Just don’t call him a quitter.
Game 4 was a game that the Atlanta Hawks desperately needed to win. After losing two games in a row, Trae started out Game 4 with the energy of someone who’s not going to dominate.
After missing his first five shots, he sat on the bench and had his right shoulder wrapped heavily as if he had just played three overtime games. He only played 10 minutes.
Ice usually runs in Trae Young’s veins, but for the early part of a must-win game, ice sat on his sore shoulders, Atlanta’s hopes dangerously melting away with it.
The Philadelphia 76ers took advantage. They jumped to an 18-point lead, picking up from where they left off in Game 3. The State Farm Arena fell silent. The first-round win versus the Knicks was a fluke. The Hawks were done.

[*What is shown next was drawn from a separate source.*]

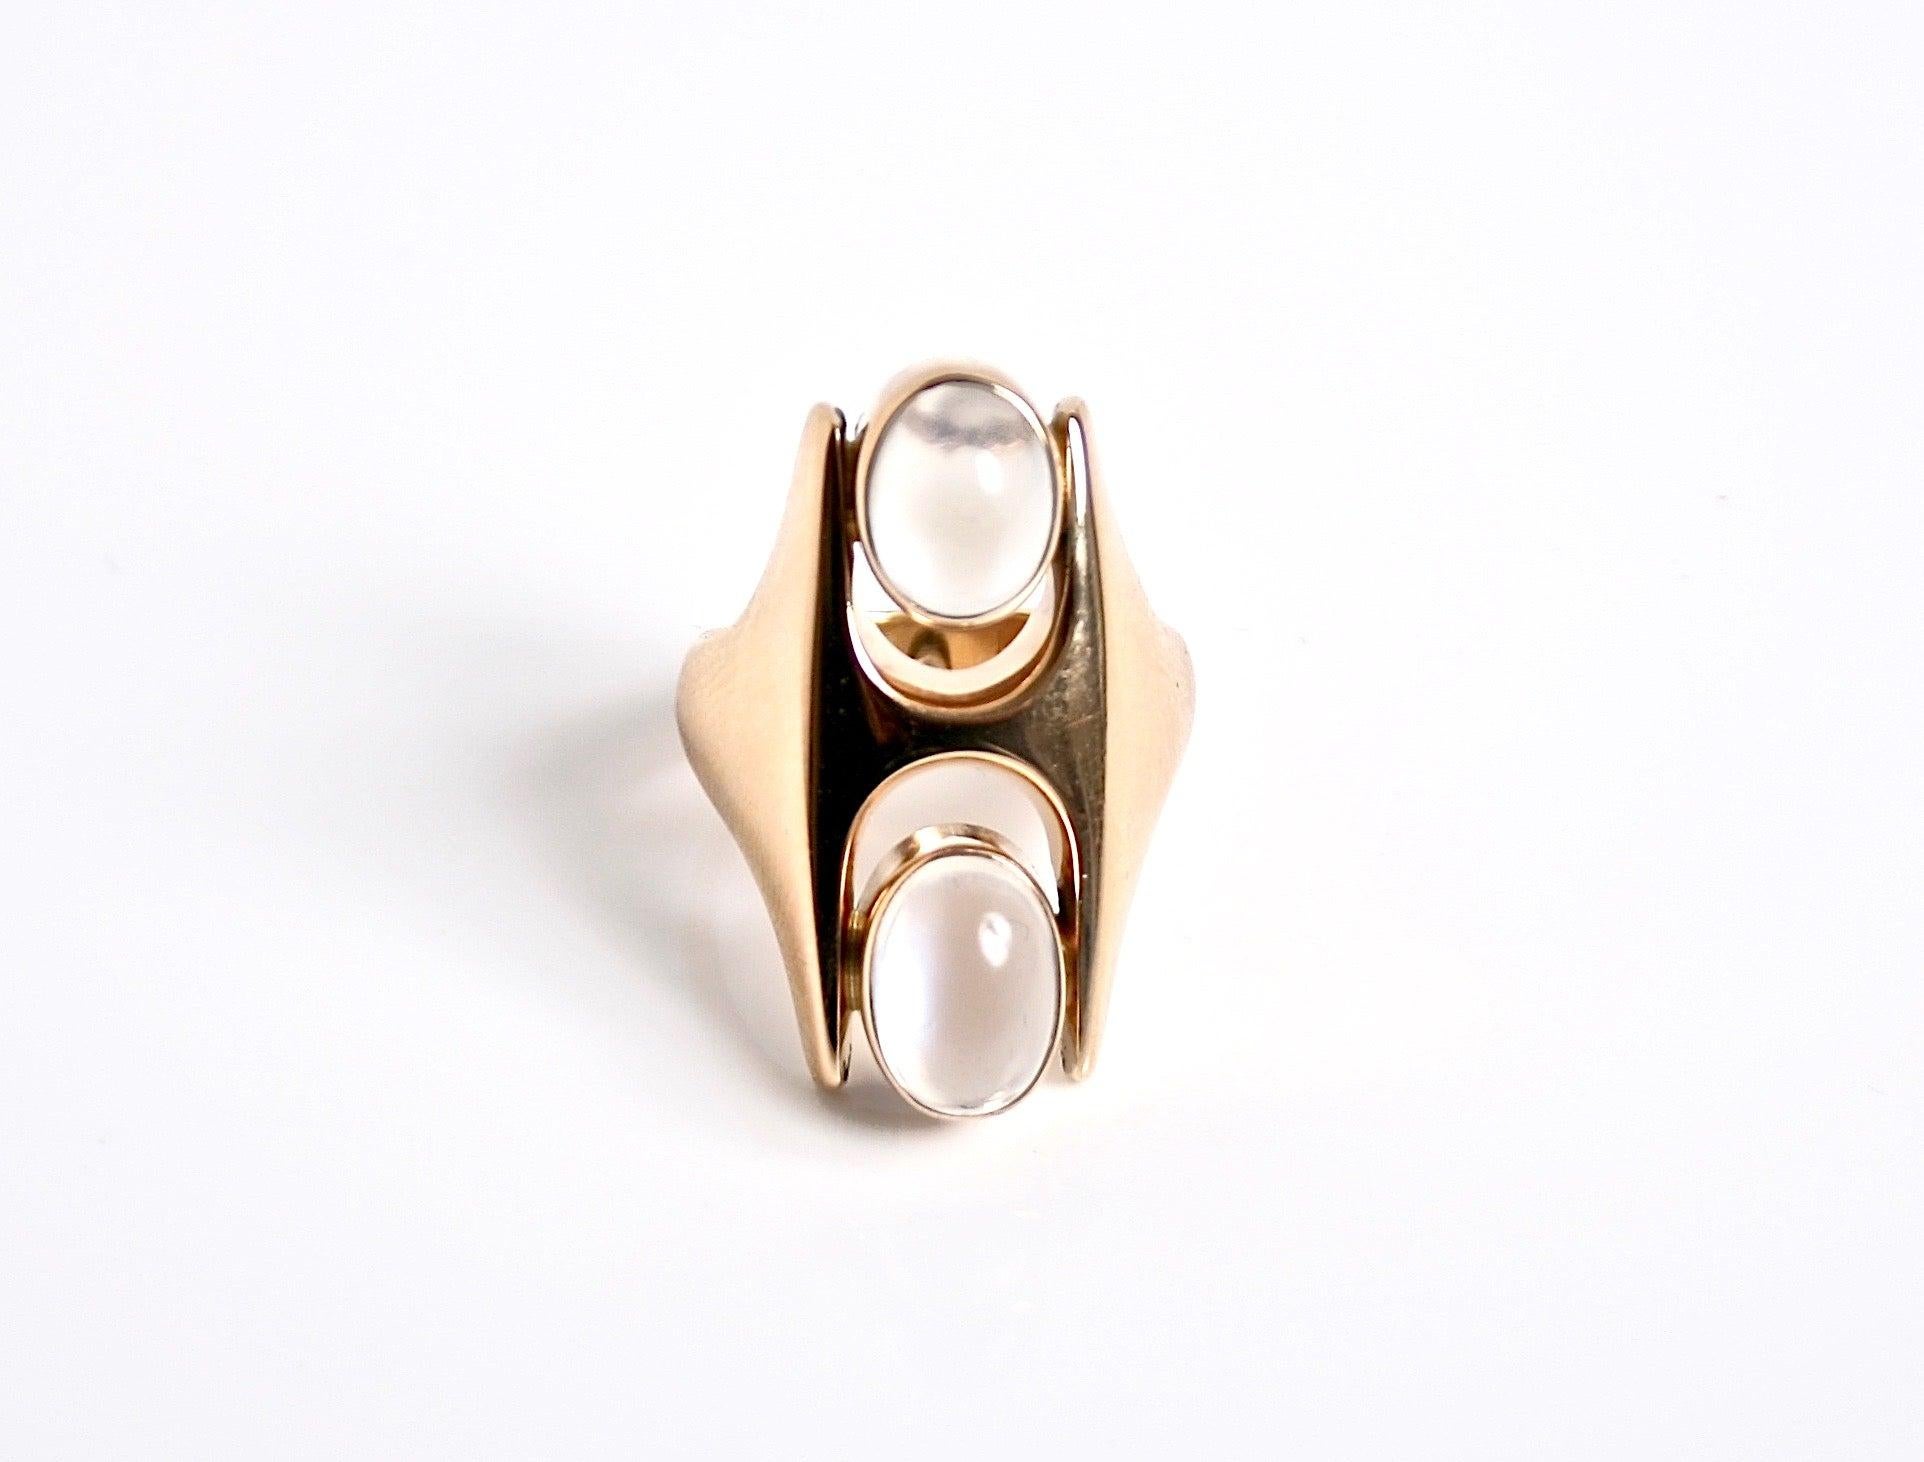 Rare Georg Jensen 18 Karat Gold & two cabochon Moonstone Ring designed by Henning Koppel Denmark c1967
Design number 845
Size UK O

Until, you know, they weren’t.
The second half was a totally different ball game, and whatever happened in the respective locker rooms of the Hawks and the Sixers changed the outcome of Game 4. For the Sixers, something about Joel Embiid happened, something not that great. This is the only explanation for his un-Embiid play in the second half, where he went 0-for-12.

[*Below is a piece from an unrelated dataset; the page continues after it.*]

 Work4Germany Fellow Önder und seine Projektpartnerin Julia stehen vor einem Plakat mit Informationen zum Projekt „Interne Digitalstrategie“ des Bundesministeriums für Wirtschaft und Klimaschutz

Embiid was a version of himself who didn’t lift a leg and moved gingerly, almost awkwardly. If something was indeed wrong with Embiid, knee-related, it definitely showed at the most crucial part of the game.

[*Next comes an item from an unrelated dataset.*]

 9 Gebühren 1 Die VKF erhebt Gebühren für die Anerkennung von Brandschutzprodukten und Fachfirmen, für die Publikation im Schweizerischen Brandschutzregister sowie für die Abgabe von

With 8.8 seconds left in the game, Hawks up one, Embiid was in a position to win it for the Sixers at point-blank range. Instead, Embiid (who was 4-of-8 in the first half) fumbled what could’ve been the game-winner.
Trae, on the other hand, was the Embiid antithesis. No, he didn’t go 12-of-12 in the second half, but the scary thing about Trae, as a playmaker and a floor leader, is that he didn’t have to.
Down four, amped up and loud, Trae Young became a version of himself that the Hawks desperately needed. The Trae Young who steps up to the occasion, not minding that he hasn’t been in the playoffs before nor has he played with these big stakes.
He started the game looking defeated. He finished by either scoring or assisting on his team’s final 15 points. He dropped an outrageous 25 points and dished out 18 assists to help the Hawks tie the series.
How Trae did it was even more outrageous. There was a play where he zoomed past Ben Simmons (not an easy feat), met Embiid and Tobias Harris at the rim, then threw a wraparound pass to John Collins for a corner 3. How that play transpired looked as if it was something Trae has been doing for the past 10 playoff years.
On a different play, he calmly sank a clutch floater like a seasoned point guard who’s been through many wars. There’s another where he coolly sank two free throws to give the Hawks a three-point lead with six seconds left in the game.
Call him Ice Trae. Call him clutch. With how Trae has been playing so far in the biggest stage of his career so far, call him a playoff veteran.